A questo punto sembra che Platone ci consegni un procedimento superiore a quello logico-matematico (sillogistico), esposto alla critica degli scettici, ossia il procedimento della dimostrazione per assurdo in cui sembra consistere quella che egli chiama “dialettica”.
Disgraziatamente questo procedimento non sembra affatto sicuro, perché è a sua volta esposto a un rischio: quello dell’antinomia. Non possiamo infatti mai escludere che una tesi dimostrata per assurdo (confutando la sua negazione) non abbia a sua volta conseguenze contraddittorie, esattamente, appunto, come la sua negazione.
Il problema si può riassumere nella maniera seguente. Se cerco di dimostrare qualcosa (A) per assurdo (riconoscendovi, così, un principio), dimostrando che la sua negazione (-A) ha conseguenze contraddittorie e, perciò, sicuramente false (f), non posso mai essere certo che, prima o poi, qualche implicazione del principio così (creduto) dimostrato non generi a sua volta contraddizione. Il mio preteso “principio” resta una semplice “ipotesi”, capace magari per ora di salvare i fenomeni, ma valida solo fino a prova contraria.
Questo “crampo mentale” (come lo chiamerà il filosofo Wittgenstein, nel Novecento) è un’antinomia.
La sola possibilità che si possa incorrere in antinomie, in altre parole, getta un’ombra inquietante sul procedimento per assurdo.
In effetti, se ci riflettiamo, basta un solo caso di antinomia, per gettare un’ombra sulla dimostrazione per assurdo, in generale.

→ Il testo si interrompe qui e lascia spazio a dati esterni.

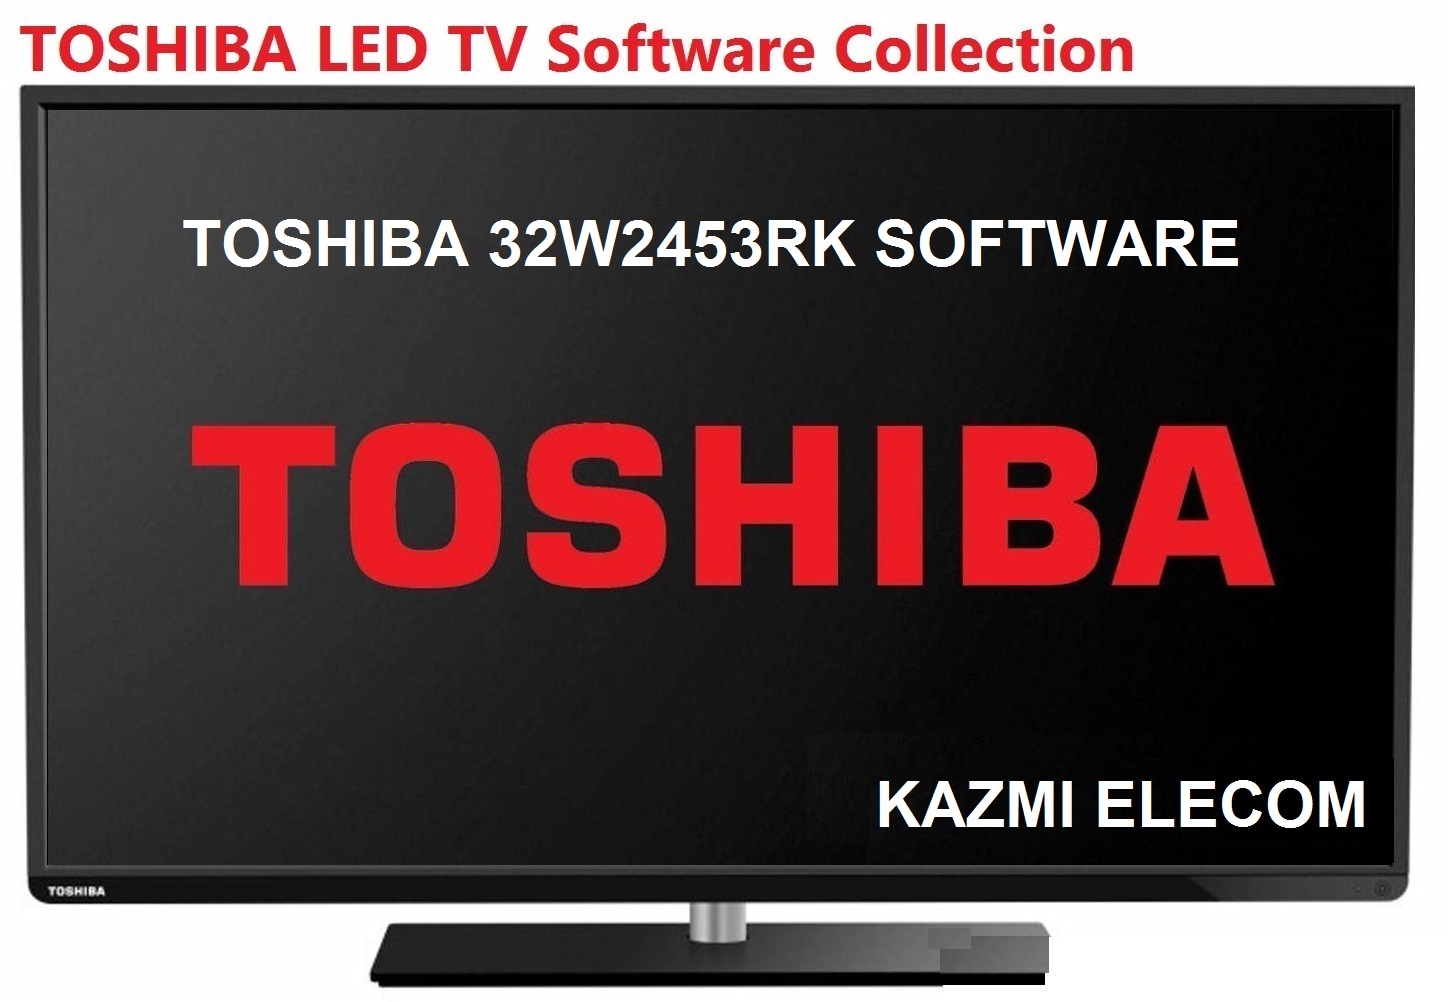 Toshiba 32W2453RK

Infatti, una volta dimostrato A per assurdo, anche se io non trovassi immediatamente che alcune conseguenze di A sono contraddittorie e, perciò, false, non potrei mai escludere di imbattermi, prima o poi, in questo genere di implicazioni, che falsificherebbero lo stesso A, generando un’antinomia:
Un classico esempio, risalente al mondo antico, è il paradosso di Epimenide il Cretese o del Mentitore (citato spesso dai filosofi stoici). Se dico “Io mento sempre” questa frase non può essere né vera, né falsa, violando, così, il principio di non contraddizione2.
Un altro esempio può essere offerto dalla seguente antinomia, che riprende un tema di Plotino (filosofo neoplatonico del III sec. d. C.). Mi chiedo se la causa di tutto ciò che è, a sua volta sia. Apparentemente dovrei rispondermi che sì, essa necessariamente è (qualcosa), altrimenti come potrebbe “essere” la causa di qualcos’altro? Dire che non è sarebbe, cioè, assurdo. Dunque essa deve essere. Ma c’è un problema. Se anche la causa di tutto ciò che è fosse, essa non sarebbe più la causa di tutto ciò che è (un tutto che include anche se stessa), ma solo la causa di tutto ciò che è tranne se stessa. Ma io cercavo la causa di tutto ciò che è. Non potendo essere inclusa nell’insieme di tutto ciò che è, essa non può (più) essere. Ma così torniamo al punto di partenza. Se non è, essa non potrebbe neppure essere causa di qualcosa. Dunque è, e così via (cadiamo in un circolo di confutazioni reciproche da cui non possiamo uscire).
Altri esempi sono i celebri dilemmi del coccodrillo e del barbiere.
Lo stesso Platone in diversi suoi dialoghi della vecchiaia (detti “dialettici”) ma soprattutto nel Parmenide sembra compiacersi di mostrare come qualsiasi cosa affermiamo di qualcosa (nel dialogo si parla dell'”uno”, ma la cosa potrebbe valere per qualsiasi altra idea) finiamo per cadere in paradossi e antinomie (cioè per dover affermare/concludere il contrario di quello che affermavamo inizialmente).
La domanda che sorge spontanea a questo punto è: “Perché Platone nella Repubblica suggerisce che la dialettica ci permetta di partire dalle semplici ipotesi per arrivare a principi non ipotetici, se poi nei suoi dialoghi dialettici mostra come la pratica della dialettica genera inevitabilmente antinomie?”. Sembra che la dialettica non porti a niente…. a meno che….
Qualche suggerimento potrebbe venire dal celebre mito della caverna (cfr. questo video, il testo del mito in U3, P2, T6-7, pp. 259-63 e la sintesi alle pp. 215-217).
Probabilmente Platone suggerisce l’esercizio dialettico per purificare la mente dei suoi discepoli dalle false credenze. Ma perché tale purificazione dovrebbe avere per effetto la conoscenza della verità e non la caduta nel più cupo scetticismo? La scommessa di Platone è che conoscere sia ricordare, dunque (quando si tratta di idee) riconoscere qualcosa che si era veduto (metaforicamente) prima di nascere. Cfr. U3, cap. 2, p. 199, Reminiscenza, verità ed eristica e U3, P2, T4, pp. 254-56).